The examples shown below will demonstrate how to publish records to
AMPS using the ``spark`` client in one of the three following ways: a
single record, a python script or by file.

**Publish a Single Message**

.. _#spark-publish-single-record:

.. code-block:: bash

     %> echo '{ "id" : 1, "data": "hello, world!" }' |  \
        ./spark publish -server localhost:9007 -type json -topic order

        total messages published: 1 (50.00/s)

*Publishing a single XML message*

In the example shown above, a single record is published to AMPS using the
``echo`` command. If you are comfortable with creating records by hand
this is a simple and effective way to test publishing in AMPS.

The JSON message is published to the topic *order* on the AMPS instance.
This publish can be followed with a ``sow`` command in ``spark`` to test 
if the record was indeed published to the *order* topic.

**Publish using Python**

.. _#spark-publish-python:

.. code-block:: bash

     %> python -c "for n in xrange(100): print '{\"id\":%d}' % n" | \ 
        ./spark publish -topic disorder -type json -rate 50 \
        -server localhost:9007

        total messages published: 100 (50.00/s)

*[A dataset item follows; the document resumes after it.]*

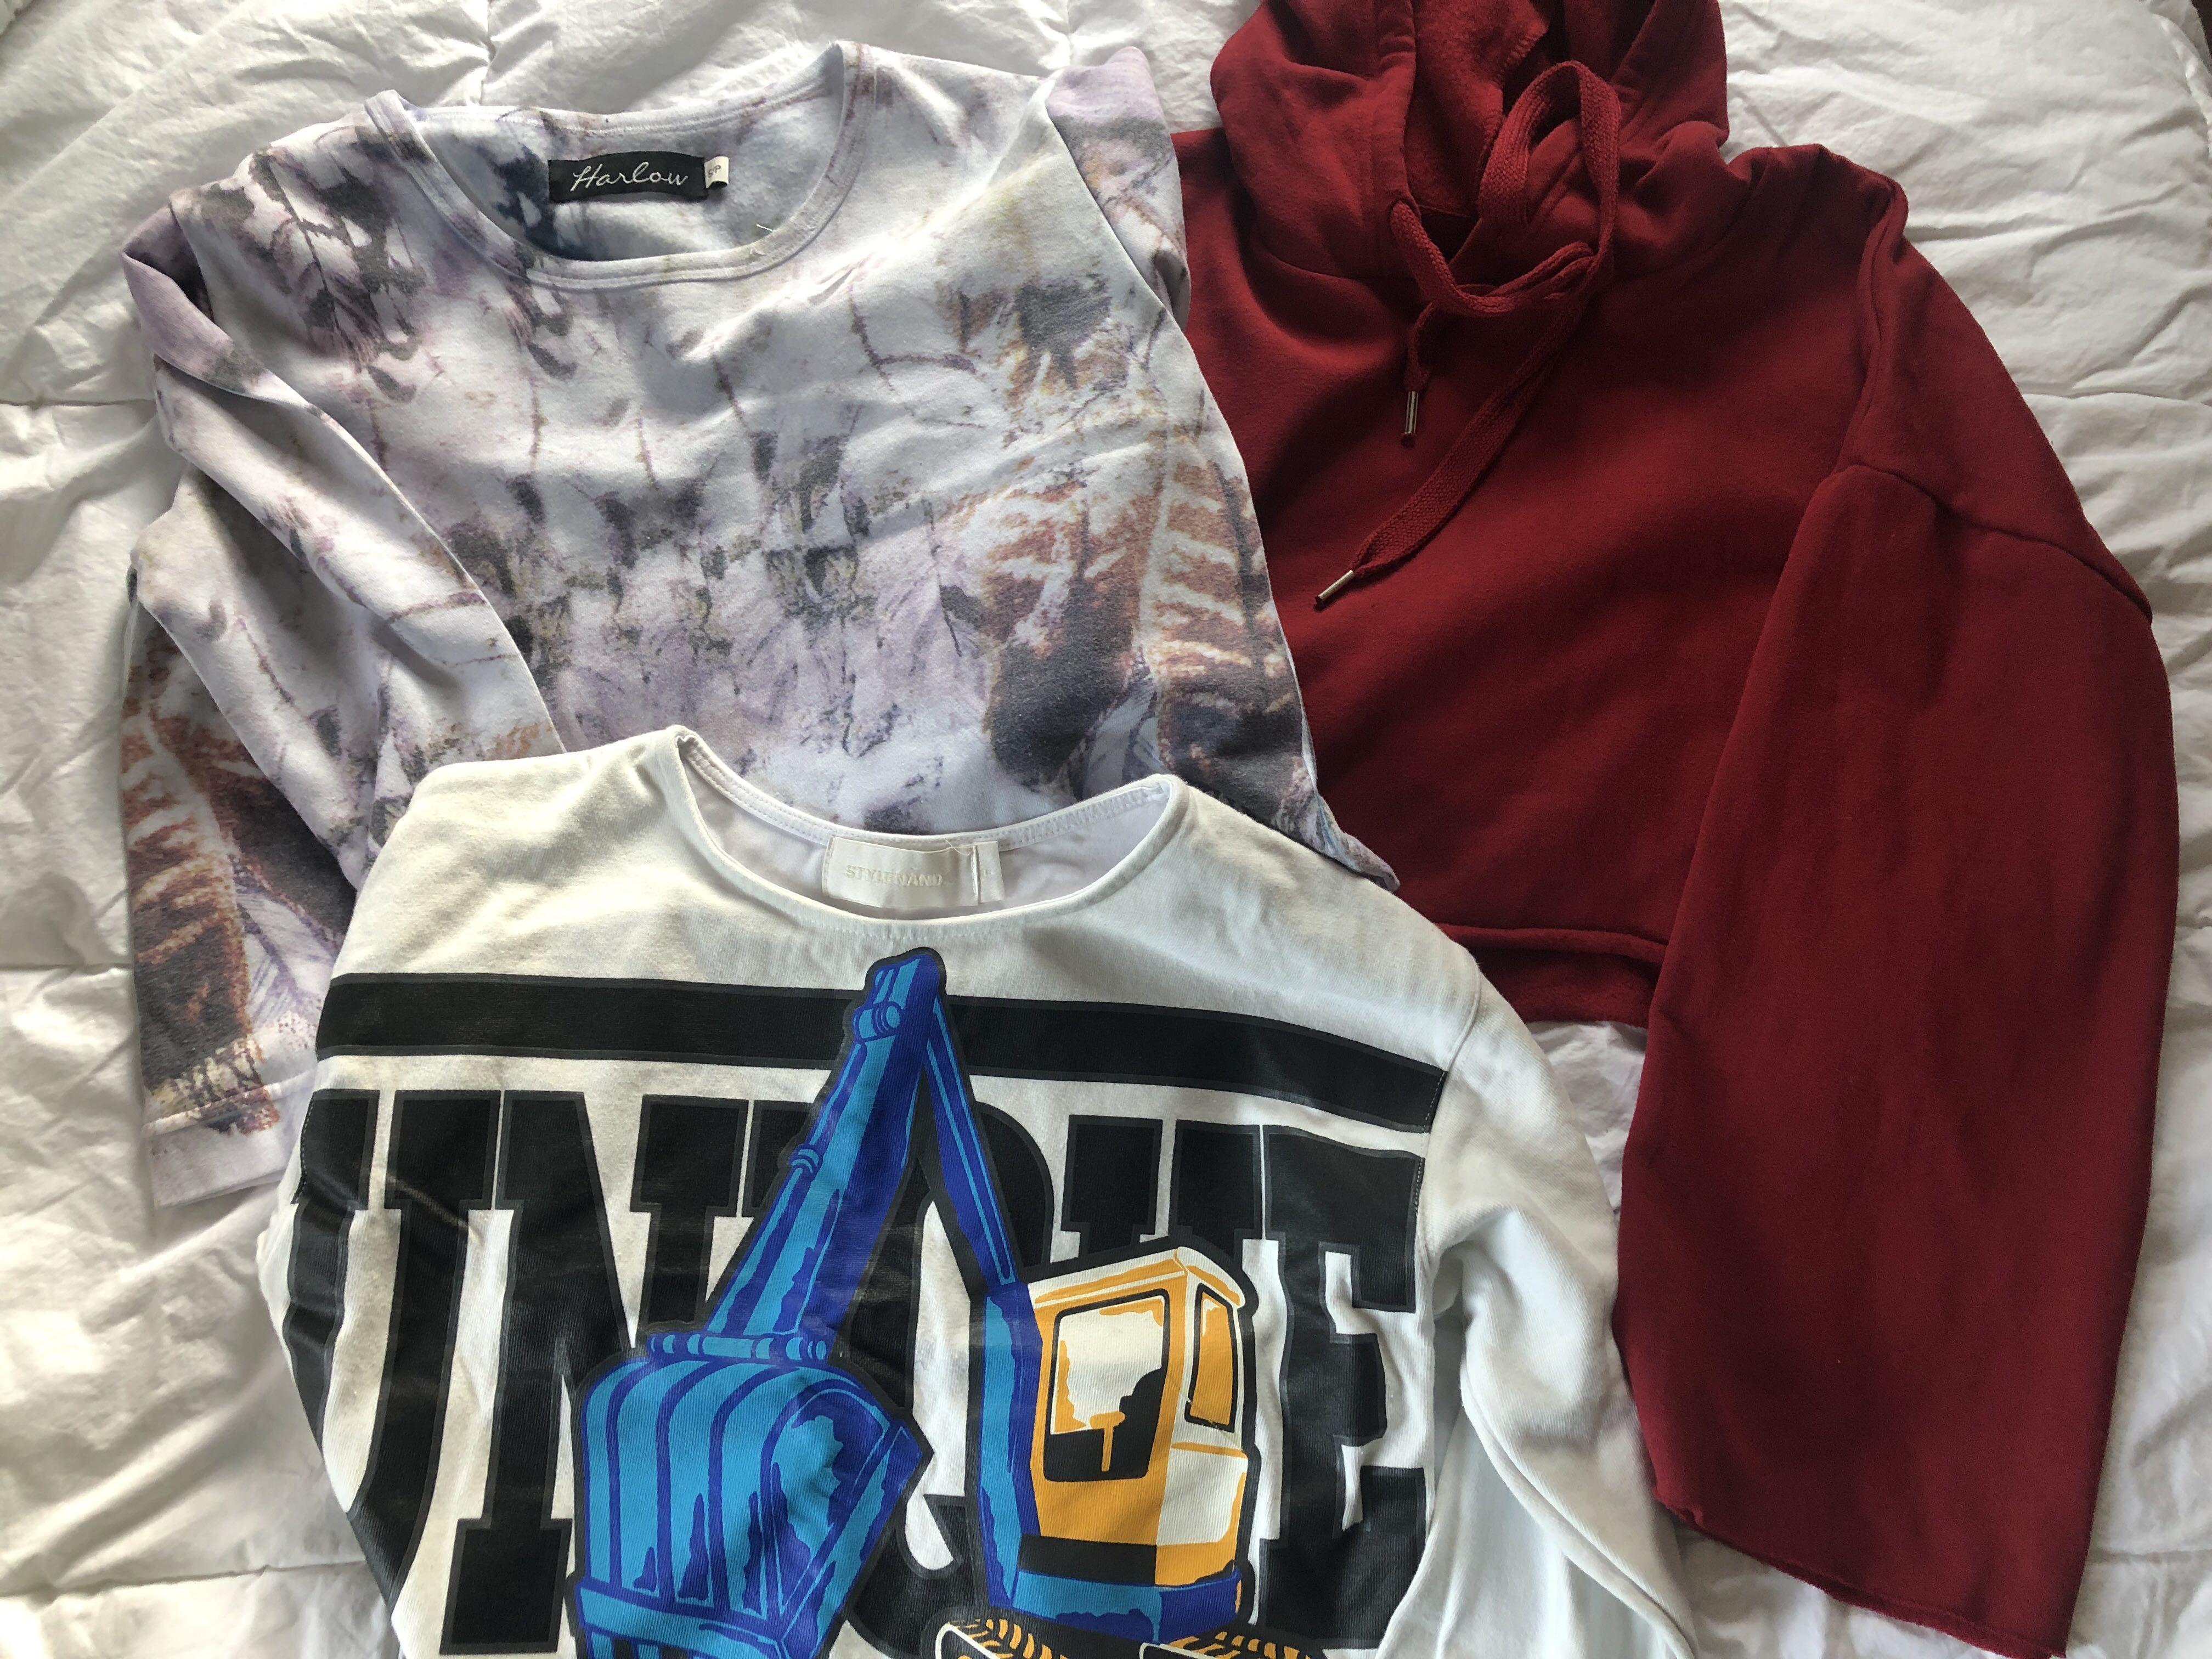 Cropped sweater bundle - Stylenanda, Harlow (Boathouse), Streetwear Society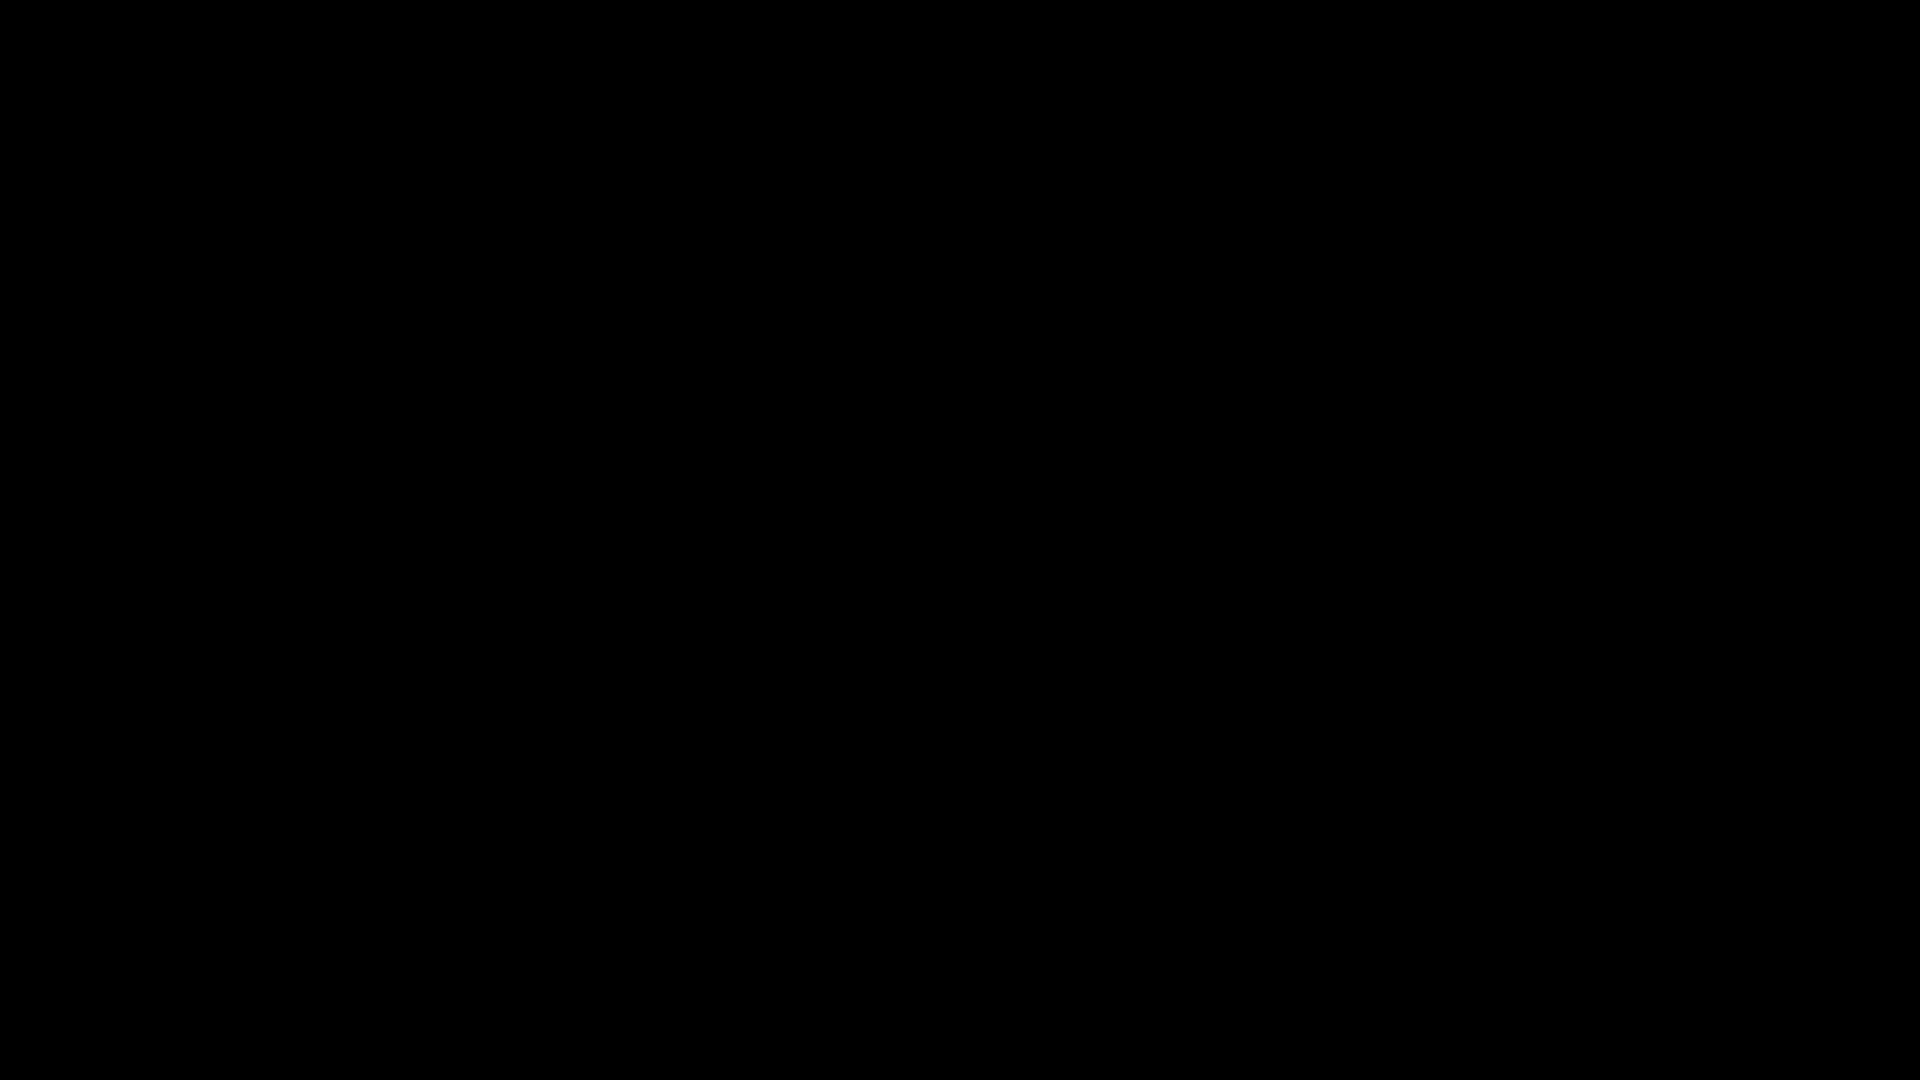 Cup, Japan, Semi-Finals, SemiFinals, boulder, bouldering, boulderingTV, climb, climbing, competition, final, finals, finger strength, hightlights, recap, replay, rock, sport, training, workout, Japan Cup of Bouldering 2019 - Finals GIFs

*Publish multiple messages using Python*

In the example shown above, the ``-c`` flag is used to pass in a simple 
loop and print command to the python interpreter and have it print the 
results to ``stdout``.

The python script generates 100 JSON messages of the form ``{"id":0}``,
``{"id":1}`` ... ``{"id":99}``. The output of this command is then
*piped* to spark using the ``|`` character, which will publish the
messages to the *disorder* topic inside the AMPS instance.

**Publish from a File**

.. _#spark-publish-file:

.. code-block:: bash

     %> ./spark publish -server localhost:9007 -type json -topic chaos \
        -file data.json 

        total messages published: 50 (12000.00/s)

*Spark publish from a file*

Generating a file of test data is a common way to test AMPS 
functionality. The example shown above demonstrates how to publish 
a file of data to the topic *chaos* in an AMPS server. As previously 
mentioned, ``spark`` interprets each line of the file as a distinct message.

SOW
^^^^

.. index:: spark; sow,

The ``sow`` command allows a ``spark`` client to query the latest
messages which have been persisted to a topic. The SOW in AMPS acts as a
database last update cache, and the ``sow`` command in ``spark`` is one
of the ways to query the database. This ``sow`` command supports regular
expression topic matching and content filtering, which allow a query to
be very specific when looking for data.

For the ``sow`` command to succeed, the topic queried must provide a
SOW. This includes SOW topics and views, queues, and conflated topics.
These features of AMPS are discussed in more detail within this *User Guide*.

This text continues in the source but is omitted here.